Inside the hollowed out chest cavity of the body is a whole lotta
money, an insurance plan set up by John's now deceased crook of a
father. So off sets John to collect the dough. Unfortunately, three
gangster-types (one of whom is played by the great Jon Finch) are in
pursuit, also looking for the money.
But even more
unfortunately, the town of Leffert's Corners has a rubber-faced
monster problem. After her sister was nabbed a few years back, a
pistol-packing hottie named Cathryn (the always great Ashley
Laurence) has come back to settle the score. Cathryn has assembled
herself one hell of a team to deal with the pesky monsters, a team
that consists of a pregnant woman (she's the bait, by the way), one
local, a nervous priest and a drunk doctor played by Jeffrey Combs.
Not much of a team, it turns out, but you know what this team has a
lot of? It isn't brains, brawn or balls. Nope, they have a fuck load
of dynamite and it's wrapped all over the place. When the ghouls
ascend from beneath the town church to go a huntin', they'll be
shambling right into Armageddon.
Shame then that John
shows up, the gangsters show up, the monsters show up, people fight,
hostages are taken, graves are dug up, money isn't found, floors
collapse, fist fights happen, some people get shot or eaten or both,
bug-eyed rubber-faced monsters walk around like zombies, and the
whole damn movie just tumbles into inanity.
I say “shame then”
because I actually really liked the set-up for the film.
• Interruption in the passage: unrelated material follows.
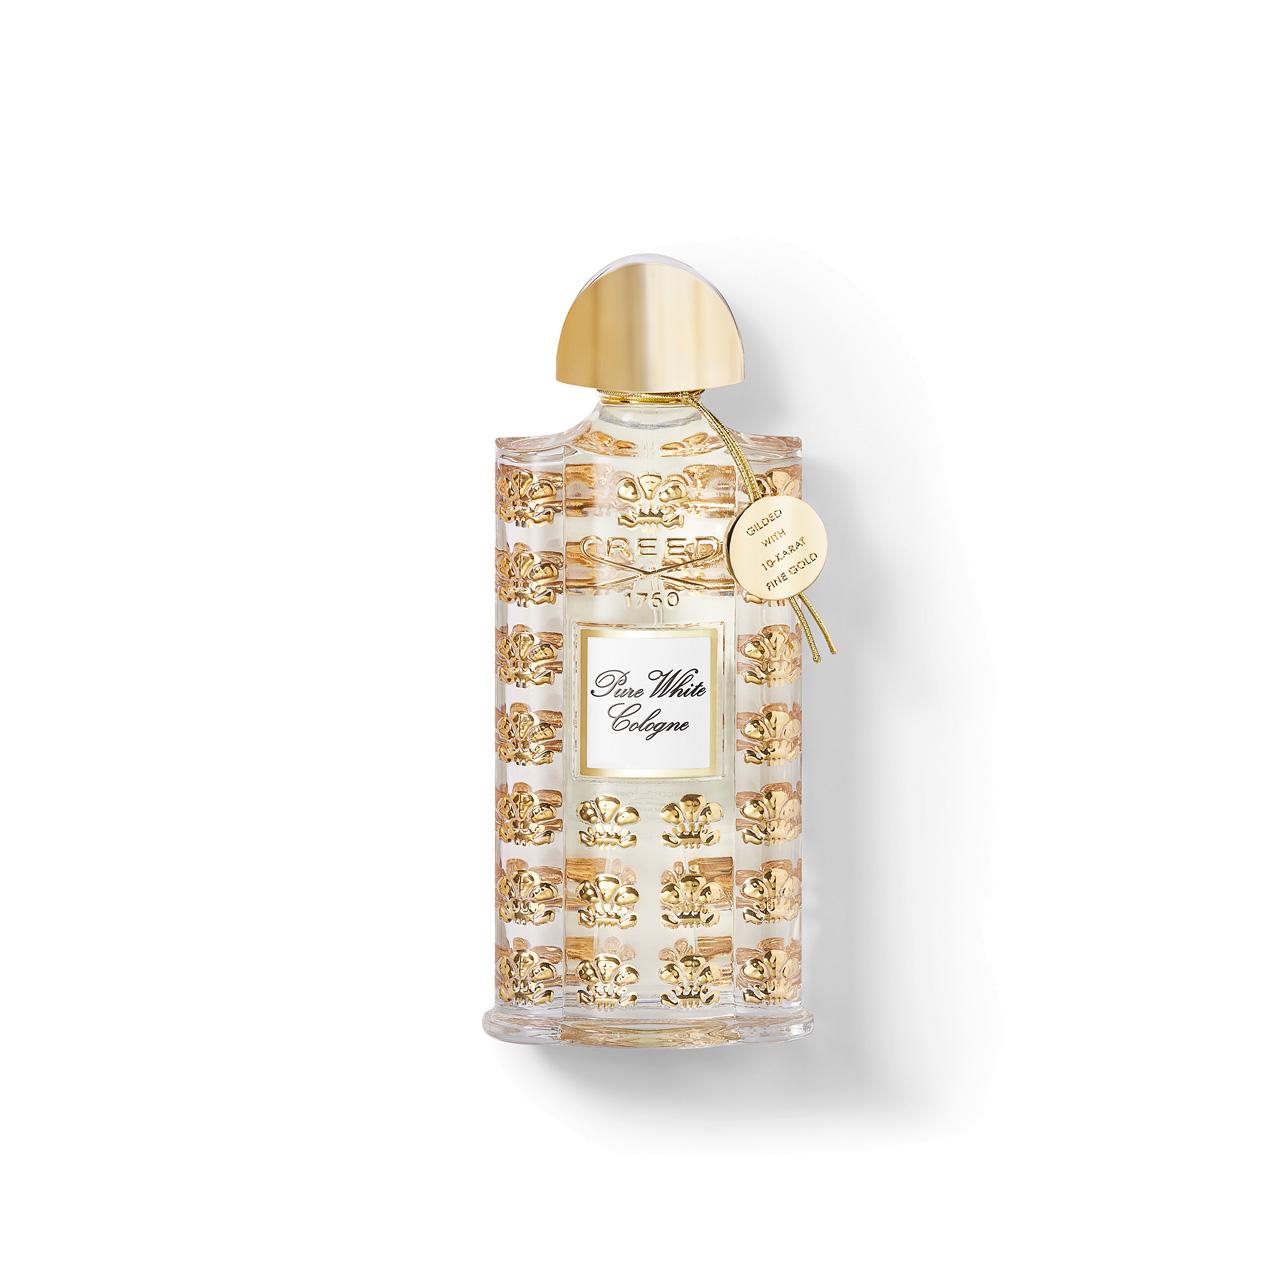 Pure White Cologne - Les Royales Exclusives Millesime

I would have
preferred the whole monster thing to have happened a bit later,
preferably after John's character and situation had been set up.
There's a lot of fun to be had when characters just stumble into
confusing, dangerous situations they have to quickly adapt to. FROM
DUSK TILL DAWN did that thing really well. But we already know about
the monsters from the first minute on and the way the film moves
between the two story lines (the preparation at the church and John's
journey to Leffert's Corners with the gangsters in pursuit) doesn't
leave us with a lot of time to gain our footing in the narrative. I
mean, who is our main protagonist here? Is it the woman whose sister
was killed during the first five minutes or is it John, the character
who is given voice over narration duty and introduced shortly before
the 10 minute mark?
What I'm trying to
say is that the two sides of the narrative don't exactly mesh well
together. Characters from the gangster plot thread never feel like
they're fully invested in the monster plot thread and vice versa. We
have the gangsters constantly venturing outside to dig up the money
even though they know monsters are coming out of the ground to grab
them. The characters in the monster plot thread just have to stand
around and kill time until someone can manage to wrestle a gun away
from the gangsters and hold them hostage. Then the gangsters turn the
tables and the going outside bits happen again. Then the tables turn
again and we get some monster prep. It's the seesawing between the
two that saps most of the energy from the film.
And that really
sucks because LURKING FEAR is the right kind of cheese for a low
budget horror film. It's got a great cast (I already mentioned
Laurence, Finch and Combs, but Allison Mackie, Paul Mantee and
Vincent Schiavelli are also on board), ridiculous monsters, the kind
of last minute plot twist that has you frantically facepalming and
more corny fistfights than a whole bucket of Cynthia Rothrock movies.
I liked enough of the film to stay with it until the end, but as
whole, it's terribly underwhelming. And that, more or less, sums up
95% of every direct-to-video Lovecraft adaptation ever made.